IMHO, most people with a progressive disease like Parkinson's need others to talk with -- others who are not as emotionally entangled as family members and close friends and who can listen non-judgmentally as they talk about their struggles with the disease, their relationships with care-giving spouses, and feelings and fears about the future.

Our moderator doesn't want us to spend our time together talking about medications, treatments, or doctors. He wants us to share our feelings and fears.  Many when first introduced to the group are a bit resentful about being dissuaded from finding out who is taking which pill. But we all end up agreeing that we benefit much more from sharing our inner lives.
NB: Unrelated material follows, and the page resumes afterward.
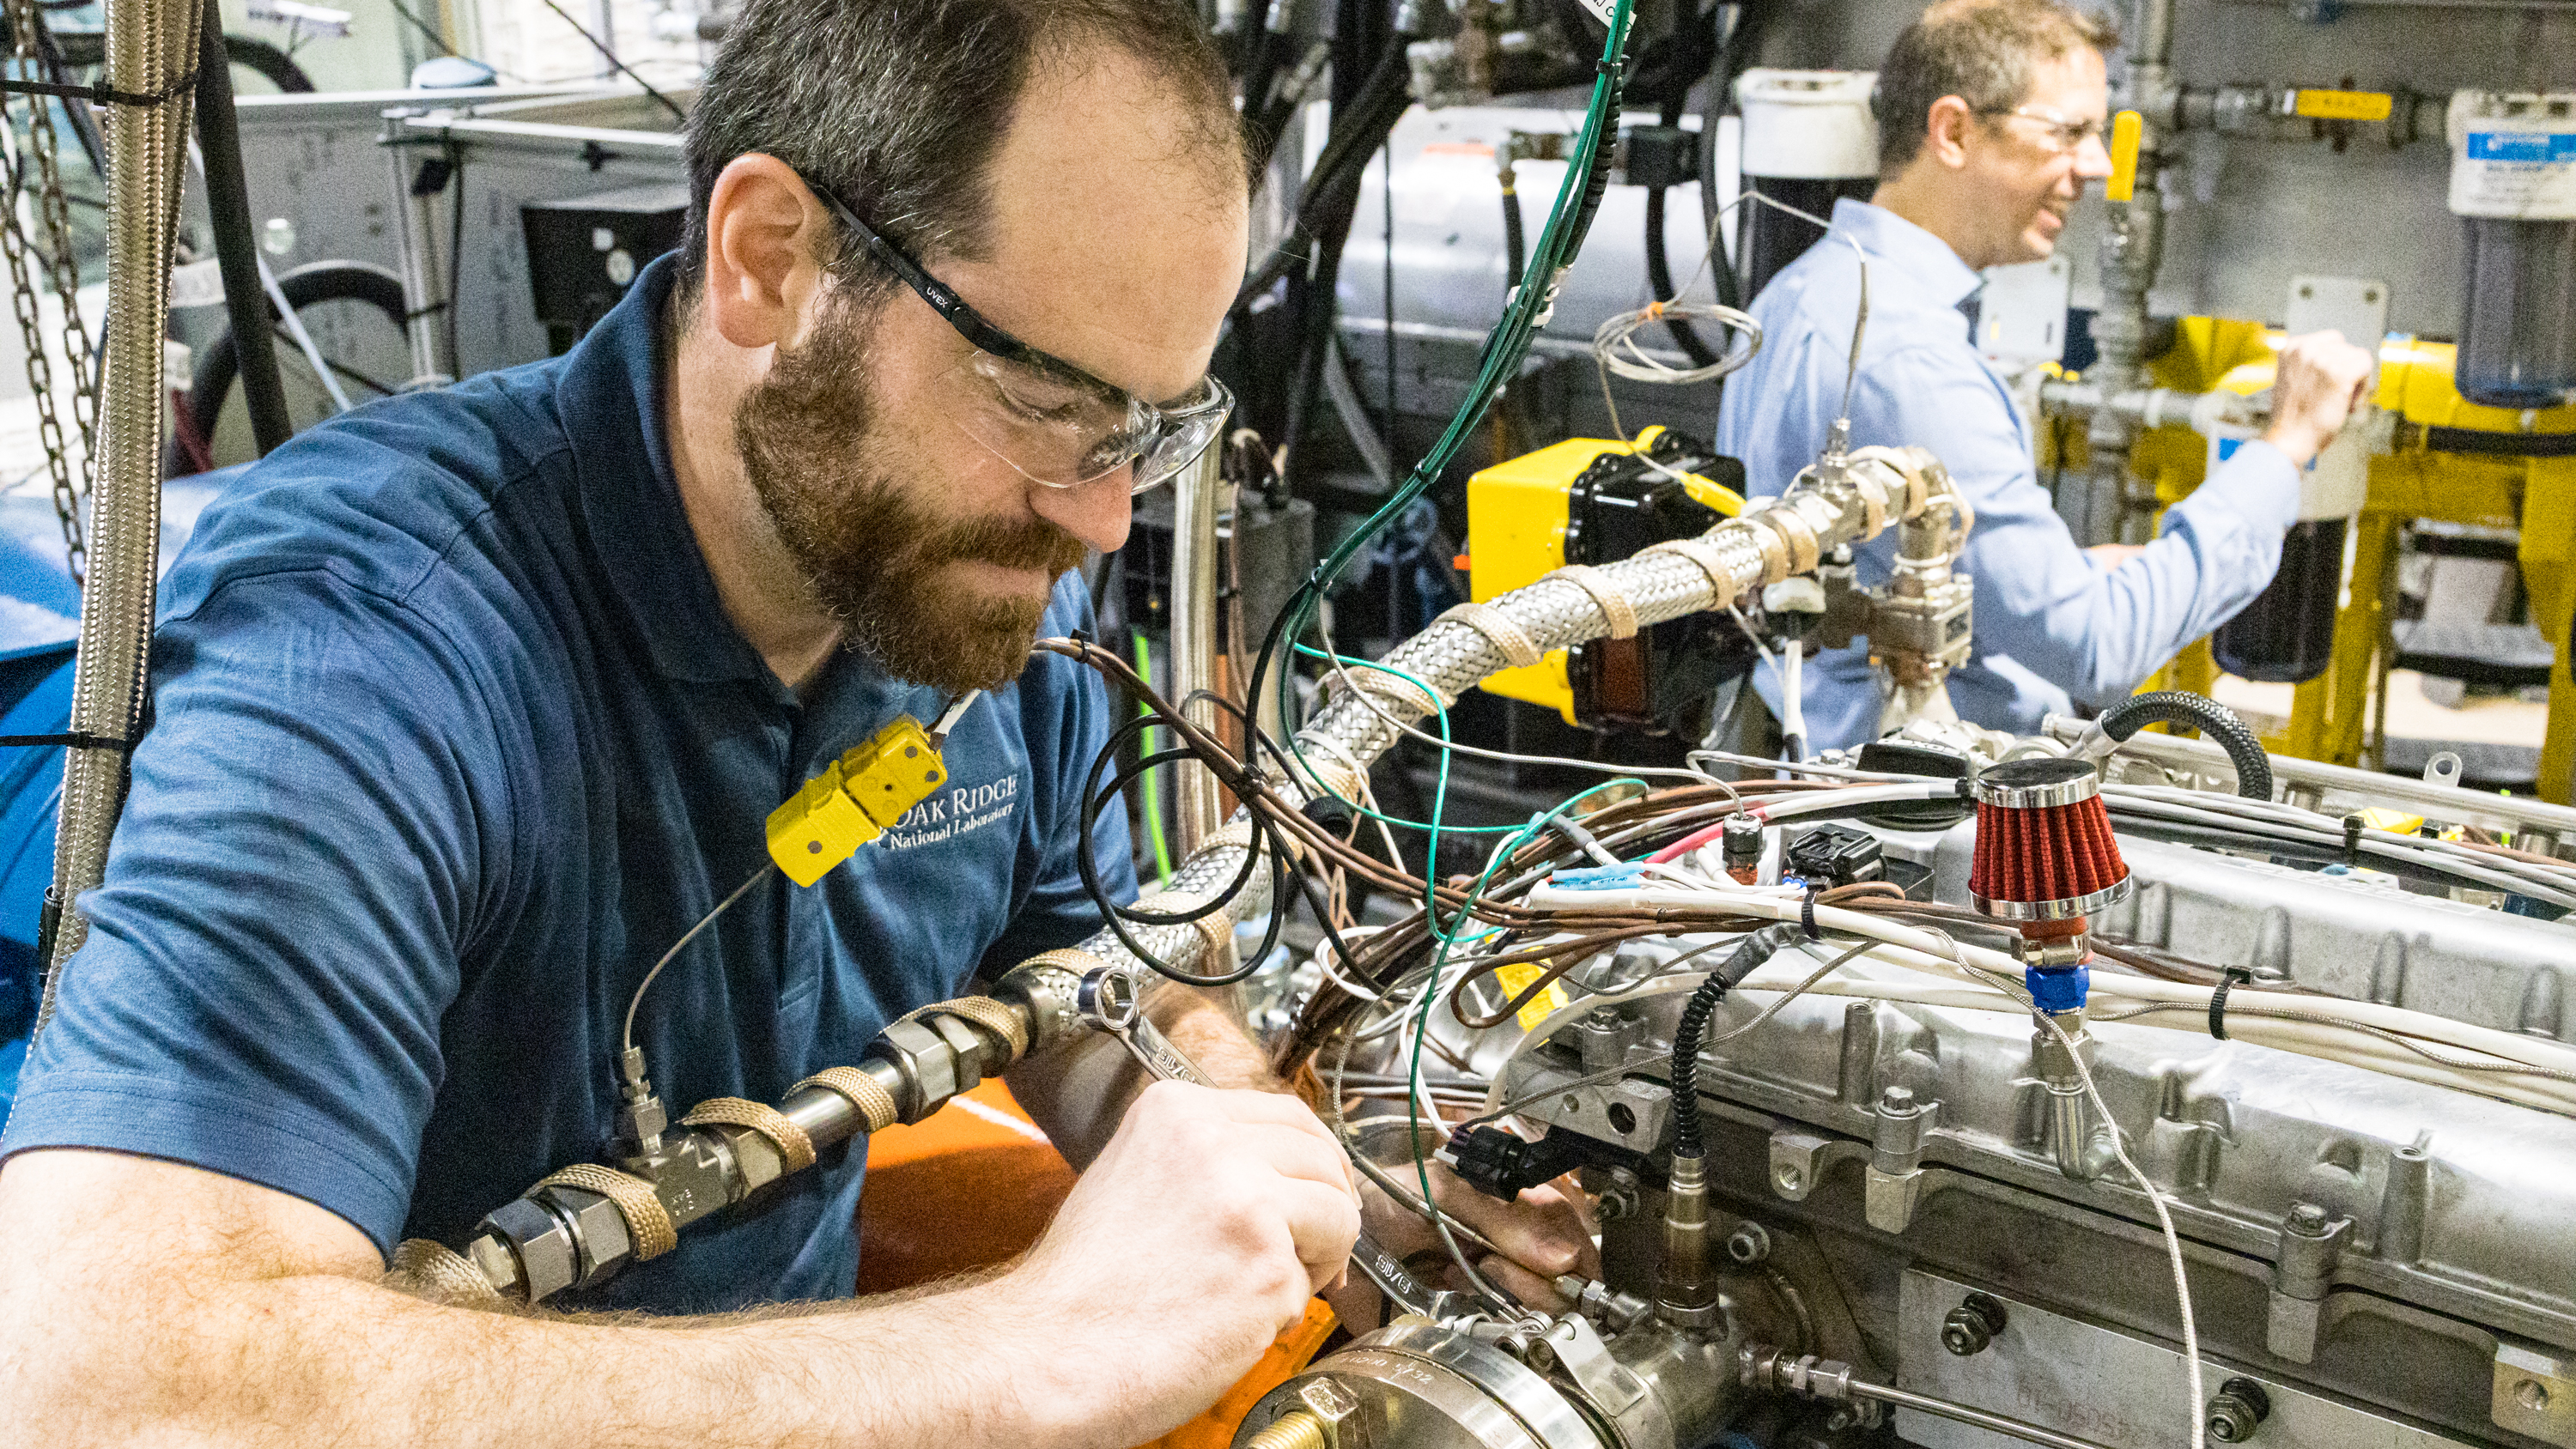 Fairbanks Morse Defense, ORNL collaborate on developing alternative fuel  technology for marine engines
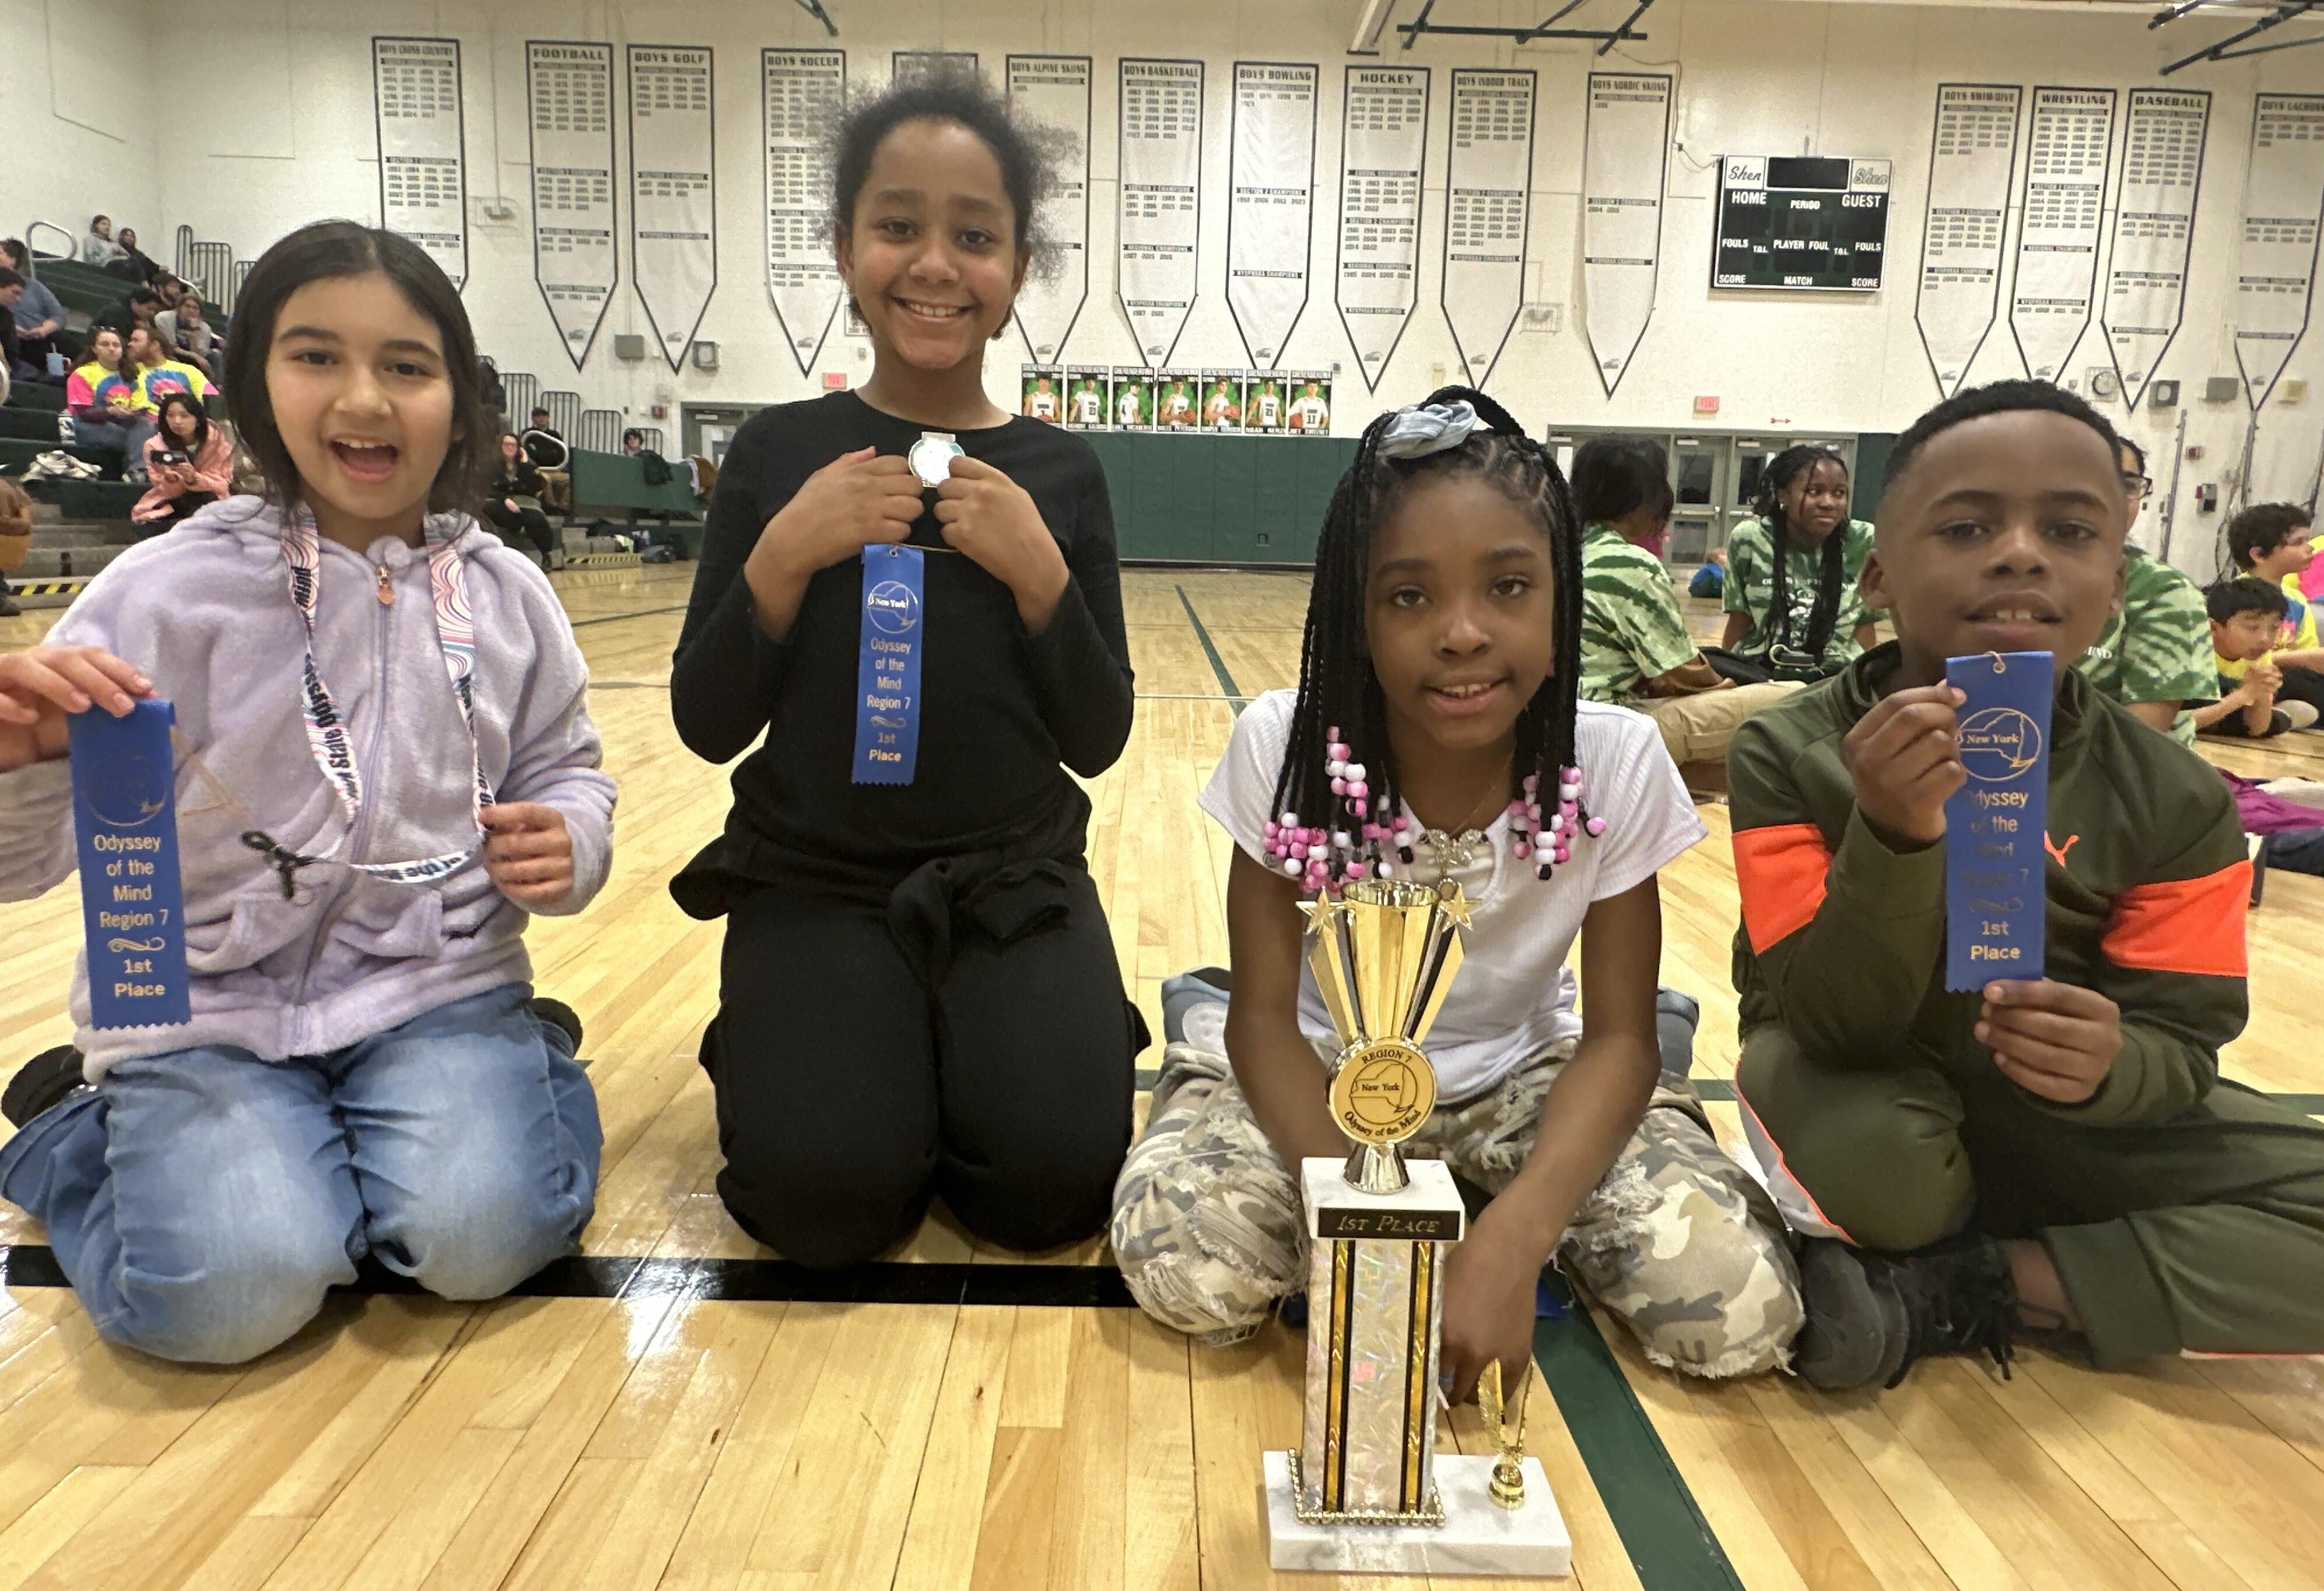 Members of the Odyssey of the Mind team posing with their award

This "open sharing" seems like a new experience for most group members, who come to find it invaluable. I'm regularly amazed by what individual members go through to attend our meetings.

It's unfortunate this sort of sharing rarely happens in everyday life. For some members, I'm sure, only our shared terminal illness has provided the opportunity to experience the power that comes from telling the truth, being open and vulnerable, and listening to others without judgment or criticism.